Although casualty numbers are reducing, young drivers and their passengers remain a vulnerable group when it comes to crashes, injuries and fatalities across Scotland.
From April 2010 to March 2011, 18 people were killed and 200 were injured on Tayside roads. Whilst not all collisions were attributable to young drivers, many included young people in the 17 to 25 age group. Factors in young driver crashes include inexperience, lack of awareness, distraction and, at times, peer pressure and over confidence.
It is little surprise then, that the emergency services and their partners see the highly impactive Safe Drive Stay Alive event being as relevant now as it was when it was first introduced in Tayside in 2007.
The Safe Drive Stay Alive theatre production will once again engage with hundreds of senior high school pupils and college students when the shows begin later this month across Angus, Dundee and Perth.

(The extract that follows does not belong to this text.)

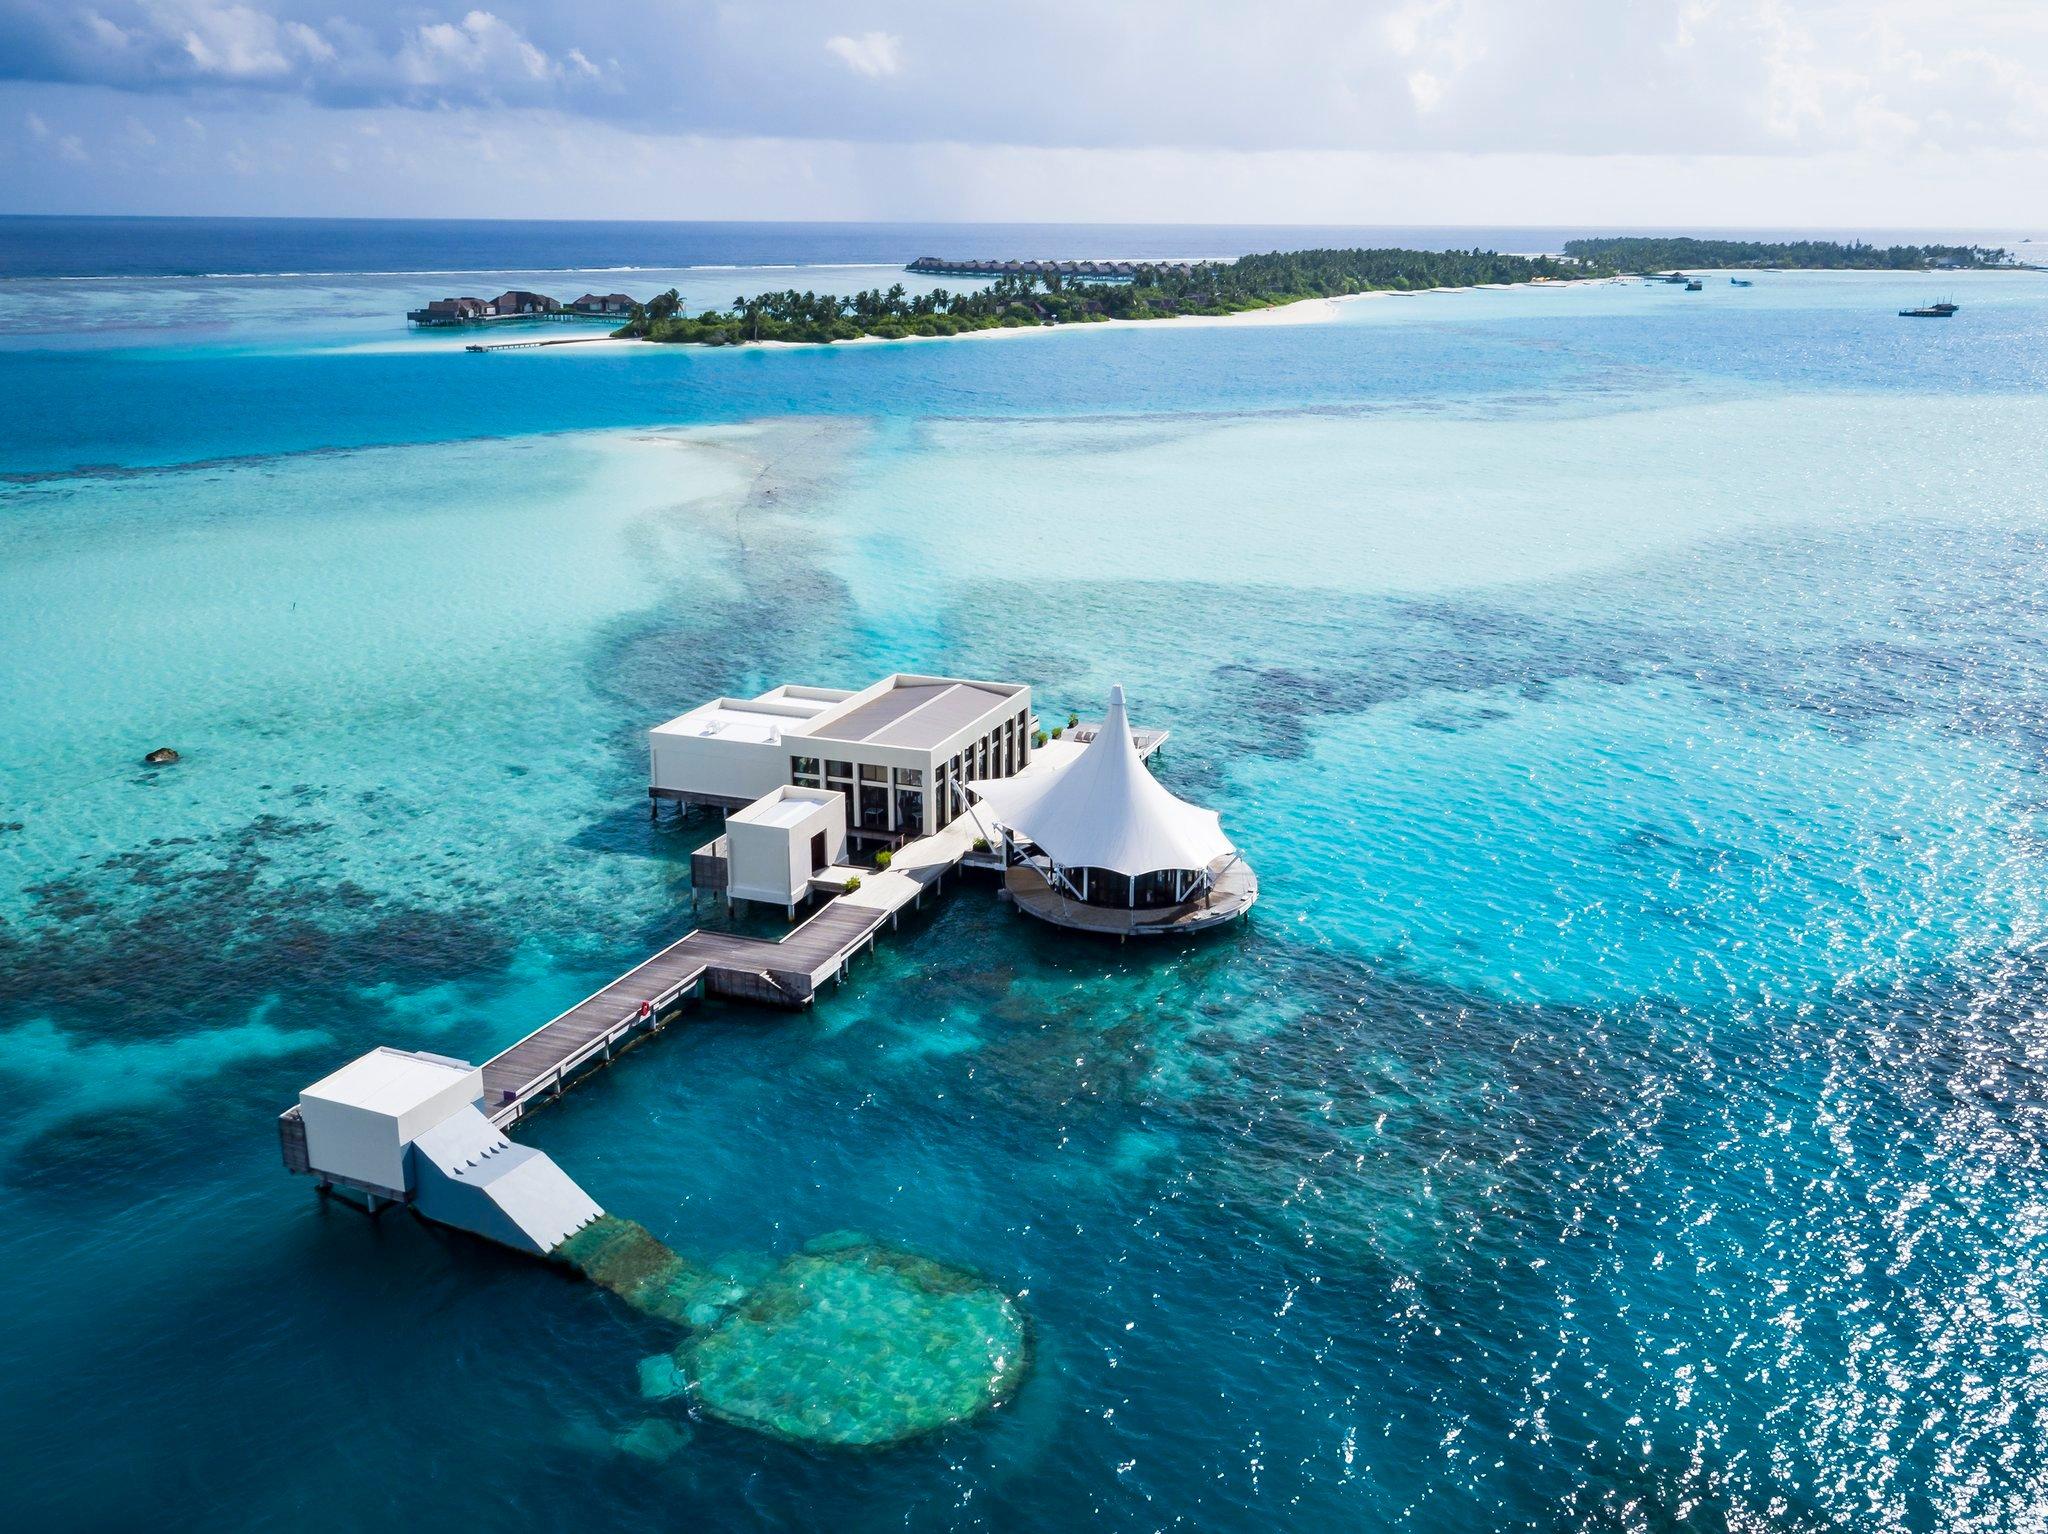 PER AQUUM Niyama Maldives

Its intention is to offer an insight into the realities of a fatal road collision and attempts to change attitudes towards safe driver and passenger behaviour. The overall aim of Safe Drive Stay Alive is to give the audience a true sense of their own mortality and clearly illustrate the real dangers that arise when road safety is neglected.
Tayside Police Assistant Chief Constable, Angela Wilson, said: “I am delighted to support another year of Safe Drive Stay Alive. Tayside Police view this as a very effective and impactive way of educating young people to become careful, considerate and safe drivers and road users.
“This Tayside wide partnership event draws together the experiences of many individuals to show vulnerable young people the gravity of being in charge of a vehicle, which if driven inappropriately can lead to serious injuries or fatalities.
“Young drivers are inexperienced and can only become good drivers by practicing and improving their skills.
“Too often the emergency services witness at first hand the tragic end result of young drivers taking risks, which they may not fully appreciate, including such simple things as failing to wear a seat belt.
“Injuries sustained in a collision may affect people for the rest of their lives and the consequences of causing a fatality are simply horrendous to all involved.
“Young people may think they are invincible; unfortunately the number of collisions we have to deal with show they are not. They need to understand that any risks they take when driving can have monumental effects on themselves, their family and their friends.
“Safe Drive Stay Alive is not looking to scare young people, it is designed to get them to think about their actions before they get in the driver or passenger seat. I know it will be very impactive and thought provoking for all who attend.”
By drawing together the experiences of many individuals the Tayside-wide partnership are able to stress the gravity of being in charge of a vehicle and the responsibility that comes with it.
In Forfar one of the shows has already taken place but there is still time to see it today (Wednesday) at the Reid Hall from 10.15 a.m. to 12.15 p.m.